I originally wanted to be a comic book artist and was an art major all the way through high school. Even had a painting of mine shown at The Lever Gallery in NYC when I was 13. But my gender confusion caused me to concentrate on heavier academic subjects and it wasn't until I was decades into my professional career that I felt the need to express my creativity...this time in writing. So, the reality is I am writing not for profit but for my own (and hopefully some readers') enjoyment. Meanwhile, I feel like Hamlet sometimes...to write or not to write. What a question!

I enjoy your probing blog entries, Gwen. You bring up some thought-provoking issues.

Hugs,

Sammy

What works in the written

The need to write is like any of the arts, dancers need to dance. painters and sculptors feel compelled to do their thing.
Storytellers need to tell a story.
What works in the written form is not the same when it becomes a movie or tv series.
n movie or tv get done with going through a focus group
TV and films are directors' mediums and require changes to adapt a story to that style of storytelling.
The writer is on the bottom of the tottomen pole
behind the director, producer, actors special effects people etc.
in the tv Outlander, you can see a lot of changes from the original books.

I'm rather...

I'm rather the reader. I write only when I can't find what I want to read.
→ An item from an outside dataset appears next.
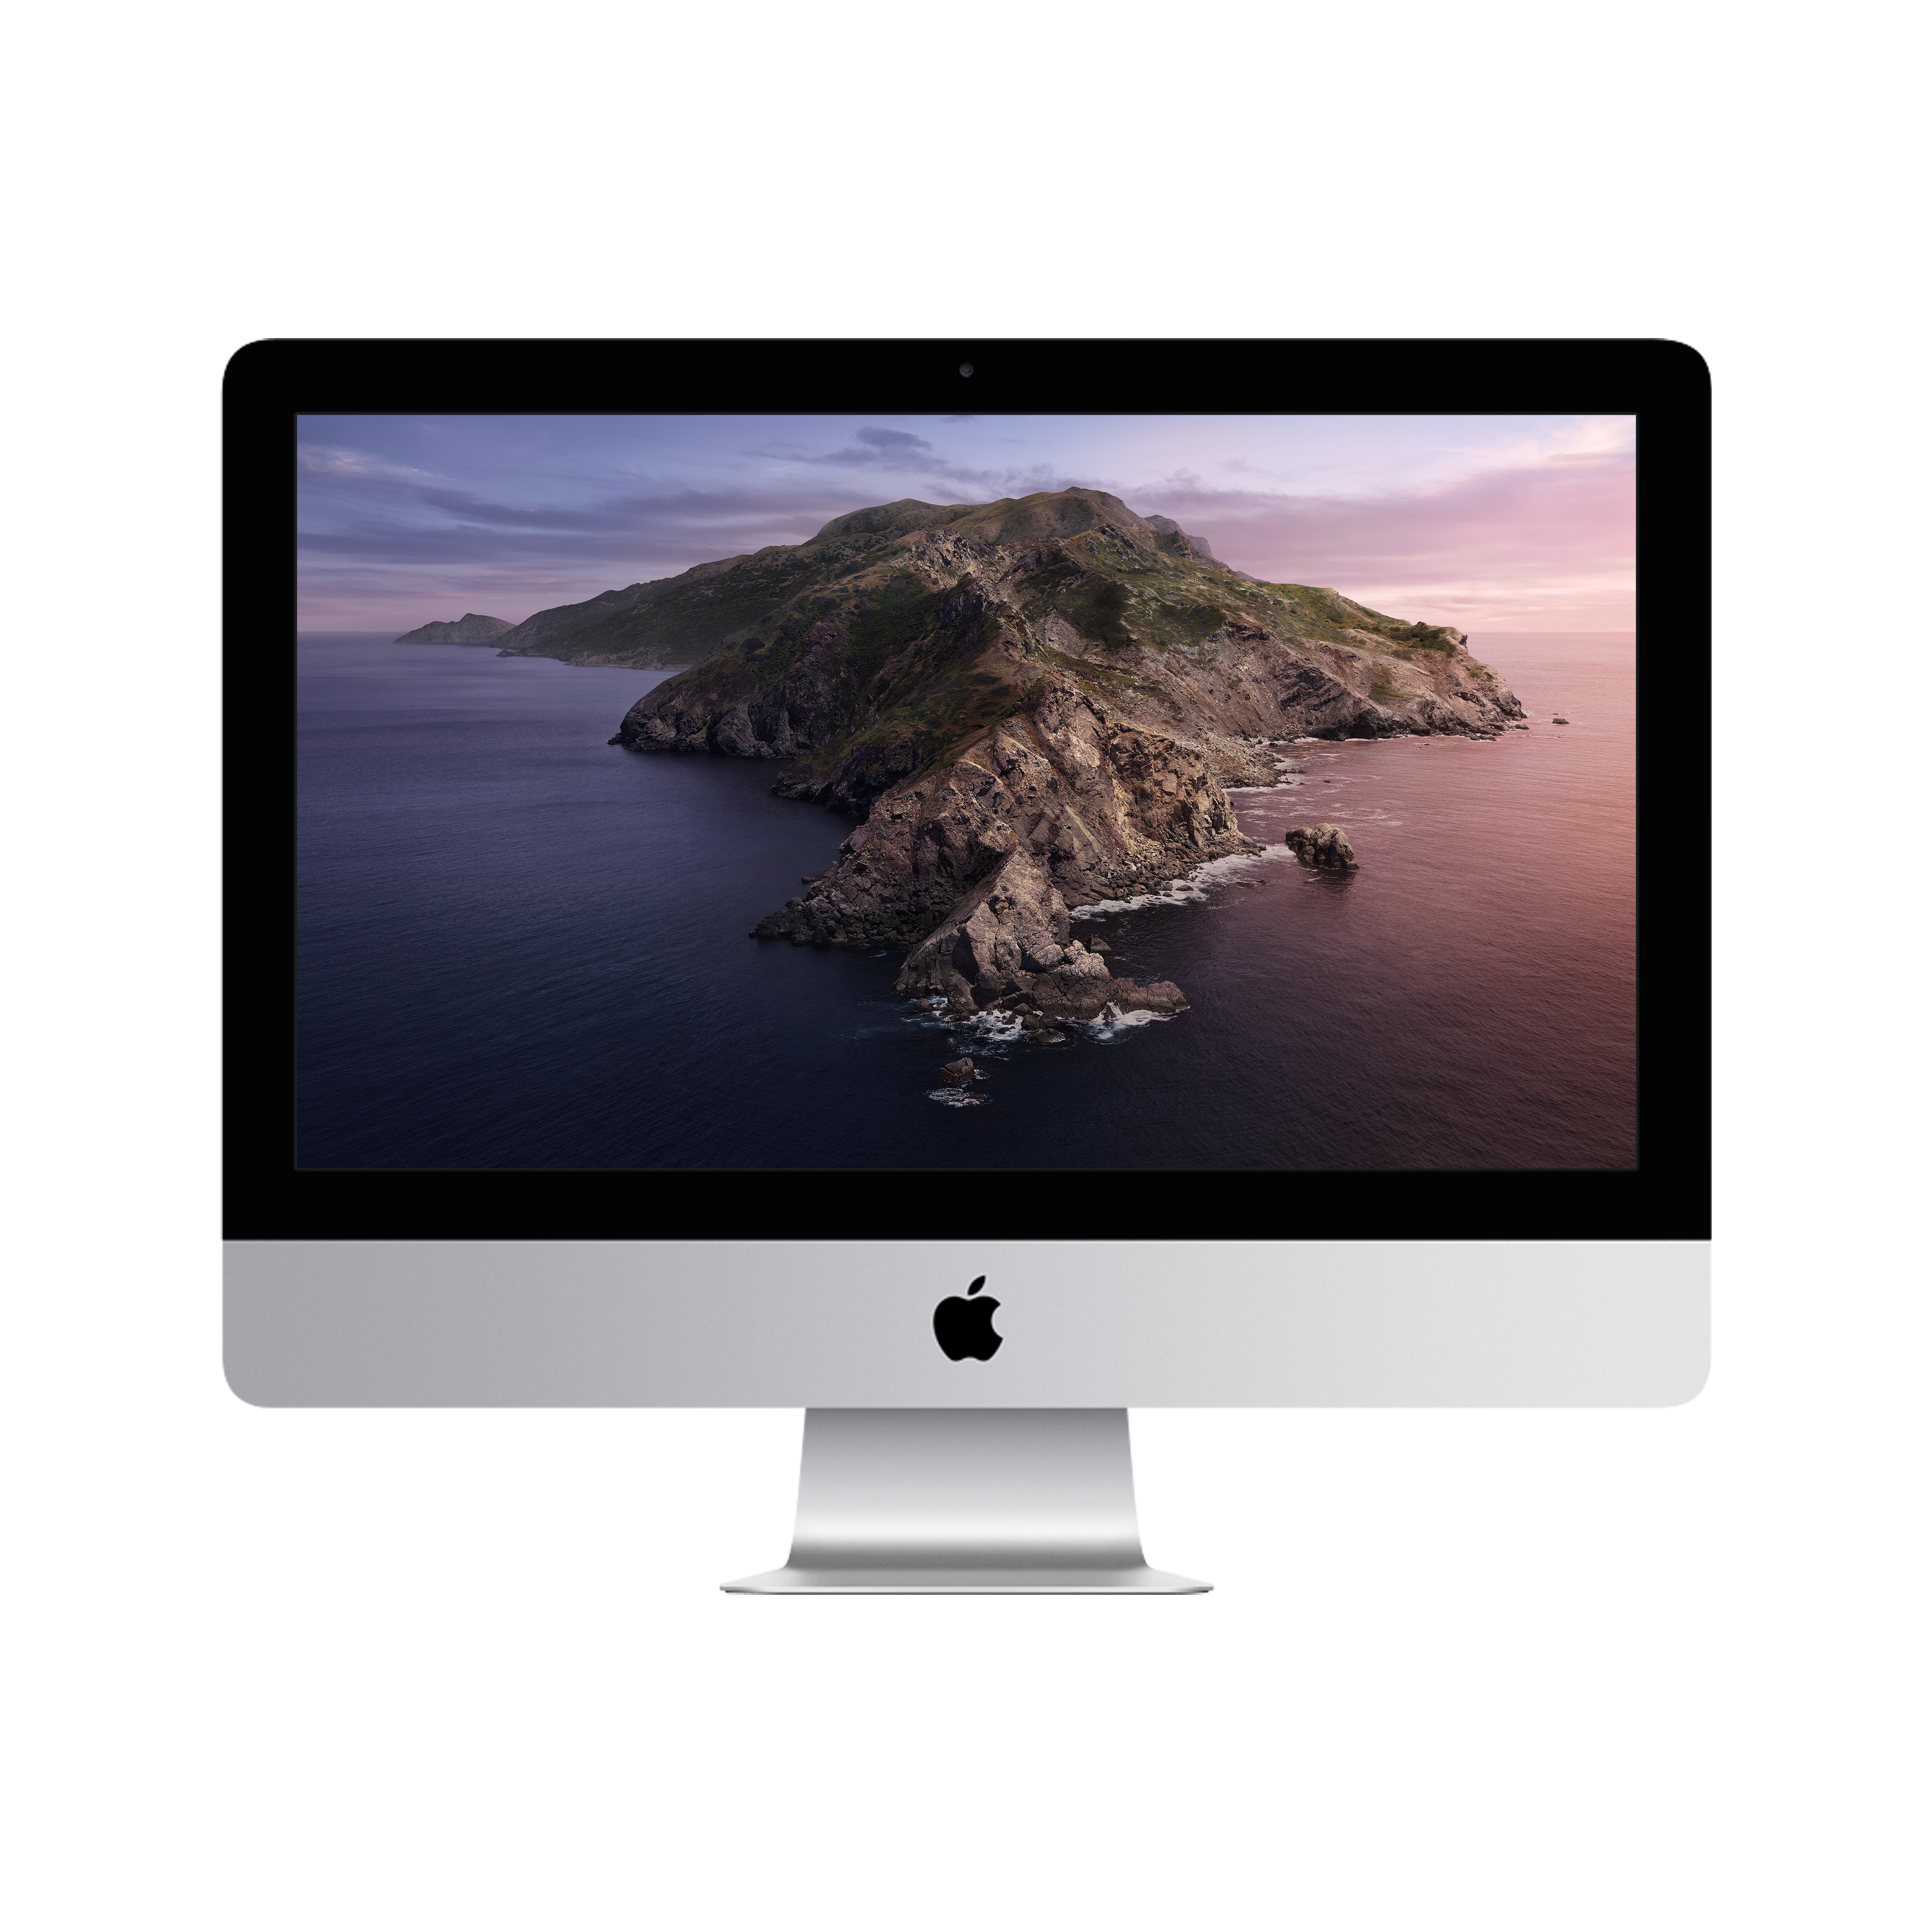 Apple 2020년 아이맥 21.5, 7세대 i5, 16GB, SSD 256GB

It's not exact wording. I write when I start missing something. Then my writing is filling that void. After each story the composite world image is more complete. Every new story adds something to that image. Write, make our world!

Doubts?

Iolanthe Portmanteaux's picture

It depends on what you call "doubts." I don't doubt whether it's worthwhile -- to both me and to the reader. I have evolved a few aims and/or beliefs over the years about writing. A long time back I had the aim to write in such a way that the reader would HAVE to continue reading, even if they didn't want to. Then, since Robert Graves' The Reader Over Your Shoulder, I try to write (and rewrite) to remove obstacles to reading -- meaning that anyplace that my eye stops or hesitates, it's something that needs fixing.

That's mechanics, though.

I get BRIEFLY disheartened when I read someone whose work is superior to mine. I had that feeling when I re-read The Great Gatsby a month ago. I get that feeling when I go through a few pages of Look Homeward, Angel. I know I'm outclassed and I don't know how to get into that class. Except, I suppose, by writing.
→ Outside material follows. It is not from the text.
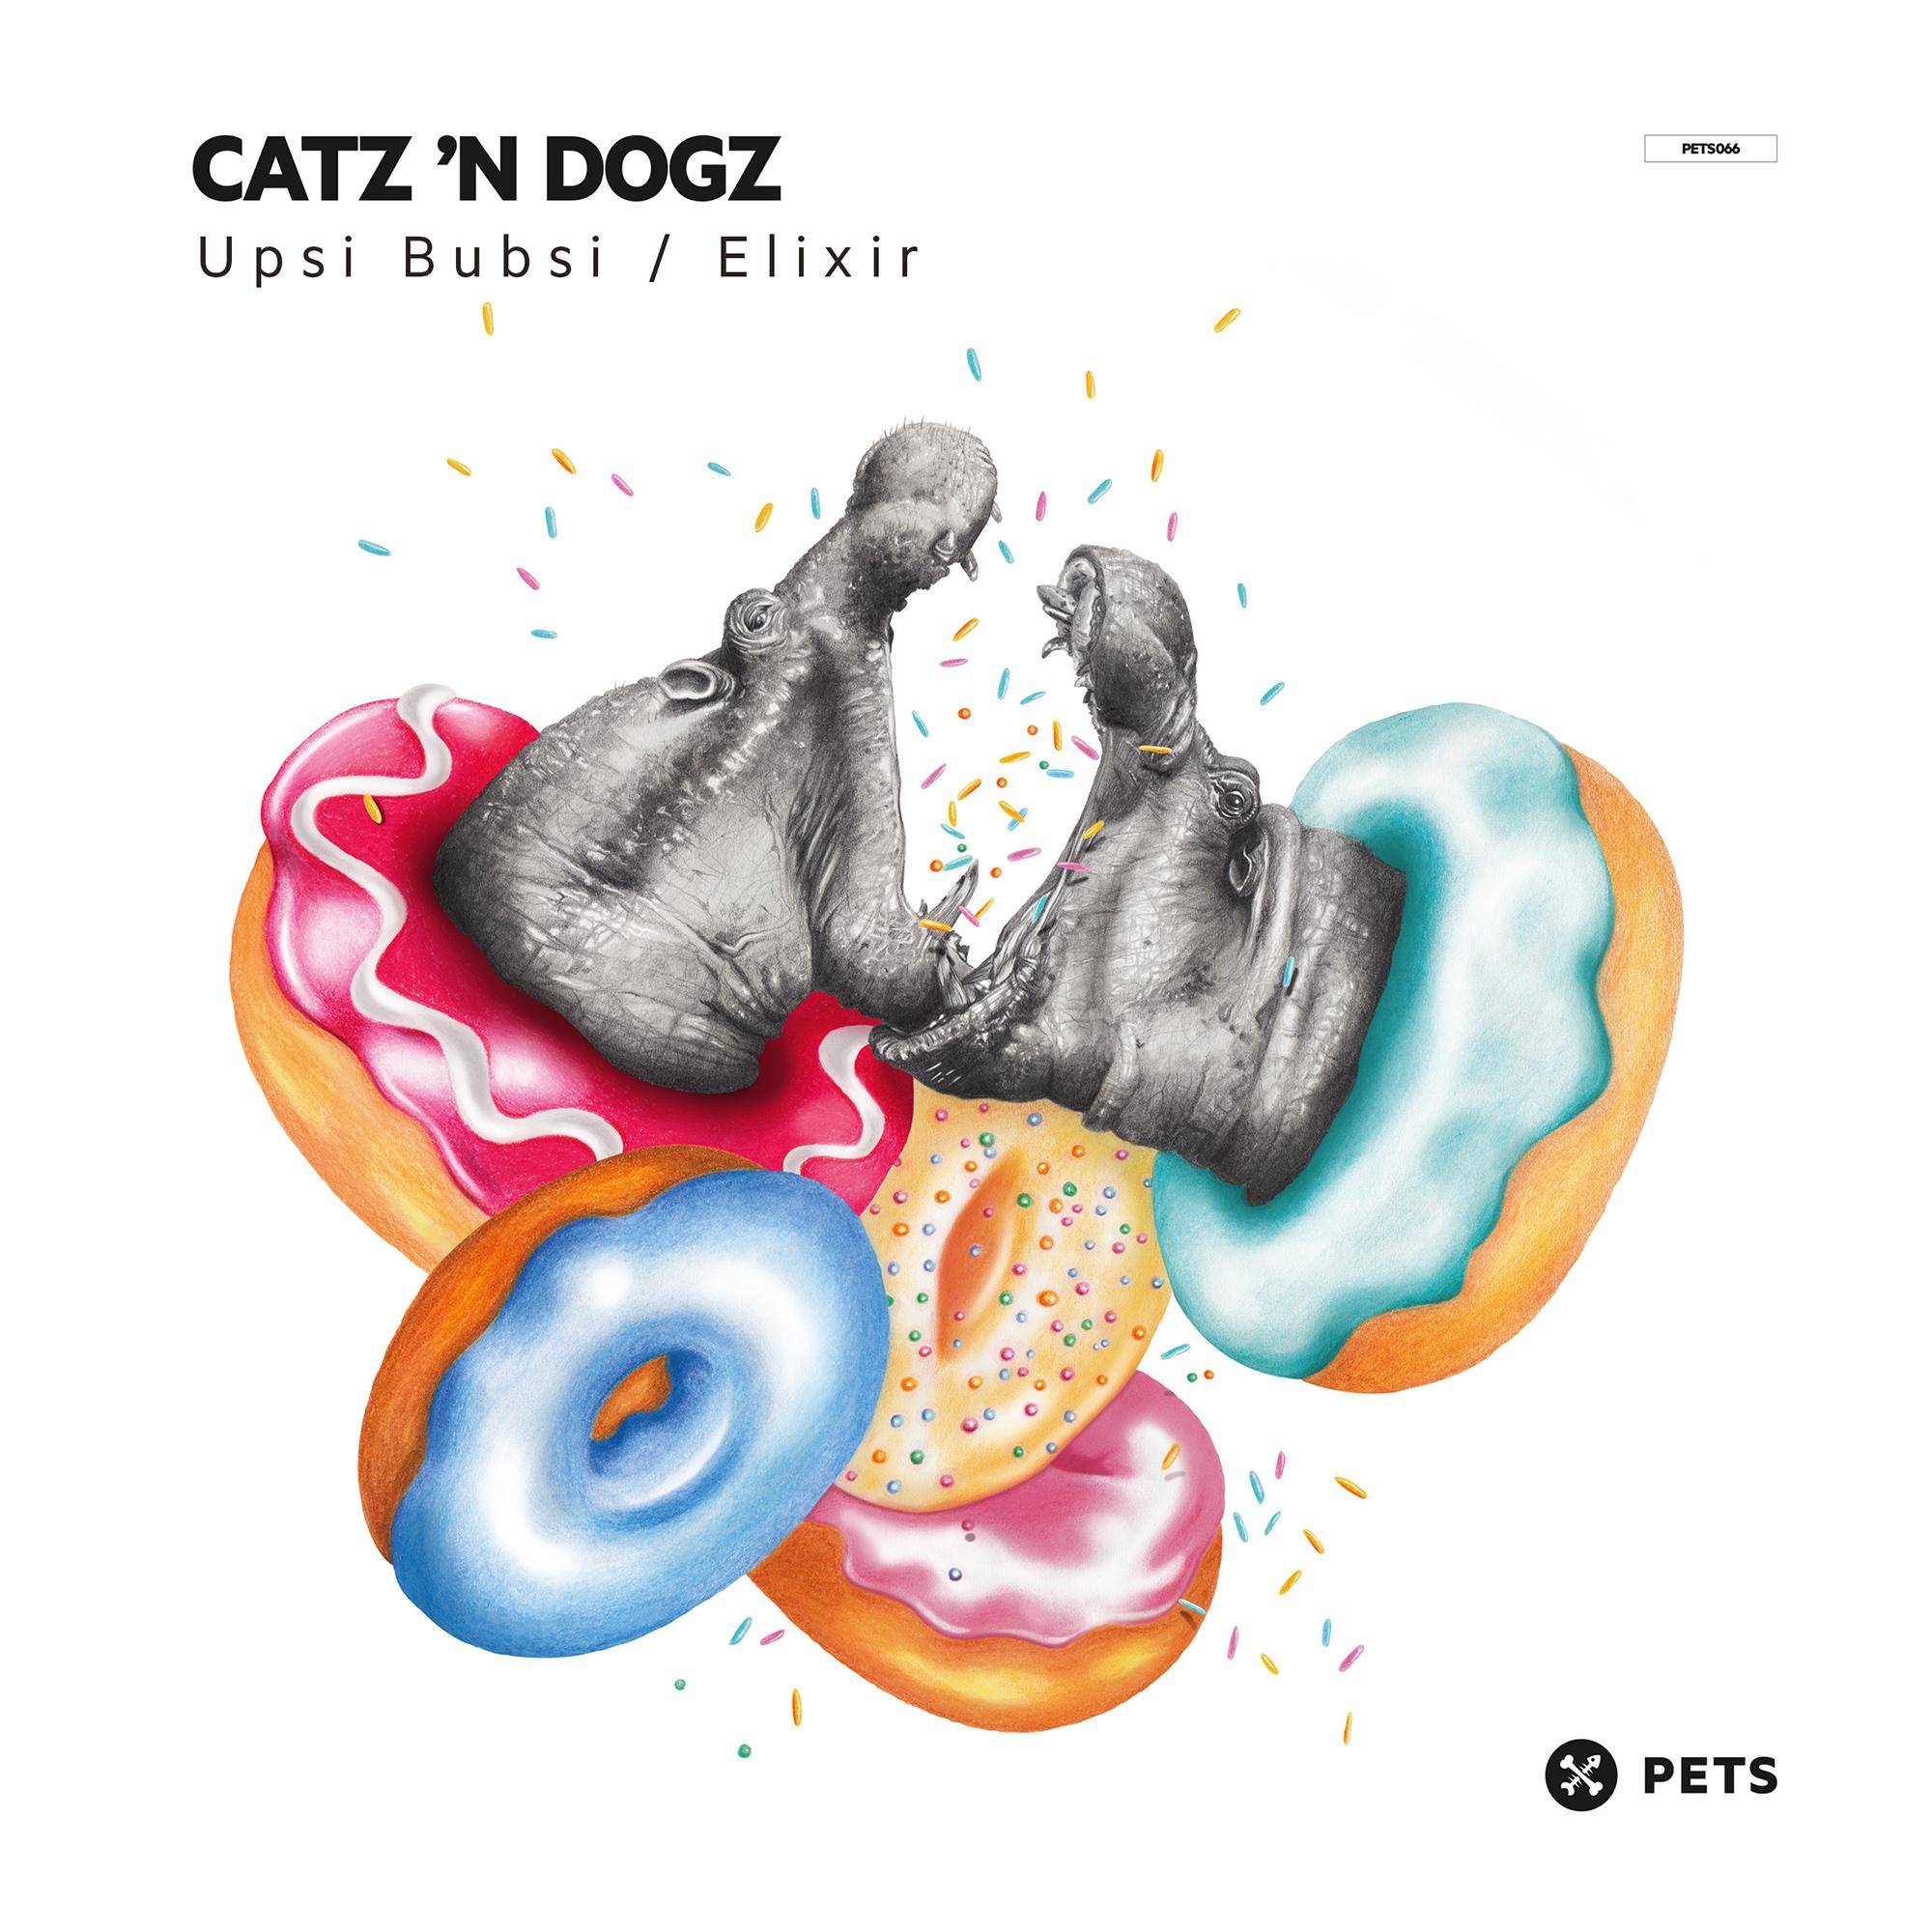 Catz 'n Dogz - Upsi Bubsi / Elixir [PETS066]

I have a ton of story ideas in various stages of development. Some are nothing more than ideas. Others have extensive, contradictory notes and outlines. A few have several chapters written. I look through them, all of them, at least once a week, and ask myself, Why? -- but it's not an existential cry. It's a search for a spark or a flash or a laugh that maybe I didn't see last week, but maybe I'll see it now. There has to be something in there calling to me.

So, THAT -- finding a nugget to grow into a story -- the finding is fun. The working out of the idea, the bones and the flesh and the clothes -- that's fun, too.

I mean, I often ask myself, "Why should anyone care about this story I'm writing?" I ask that just as often as I wonder why *I* should care about the story I'm writing. But it's not a question of should I write or should I not write. The questions are there because I'm GOING to write it, and those questions are a focus: I have to make it good for myself in some way, and I have to take care of the reader, too.

Most days, the only effort is starting.

One suggestion I dare to make is that -- if you have a story that you want to write but are worried about its reception, you should make a nice pseudonym and post it there. I was tormented for ten years by the situation in Sexual Innovations in the Underworld, and when I finally posted it, no one started screaming. I didn't get any lightning bolts in my email. I think most people who read it, read it furtively and then slunk away, like someone who's afraid they parked too close to the adult book store.

That tickles me.

So anyway, that's me in my little world.

Sammy, your blog made me realize that I haven't read any of your pieces, so I've gotten to work on that. I began "Painted from Memory" just before I started writing this comment, so I should have something to say there soon.

Hugs and thanks for being a part of this BCTS place!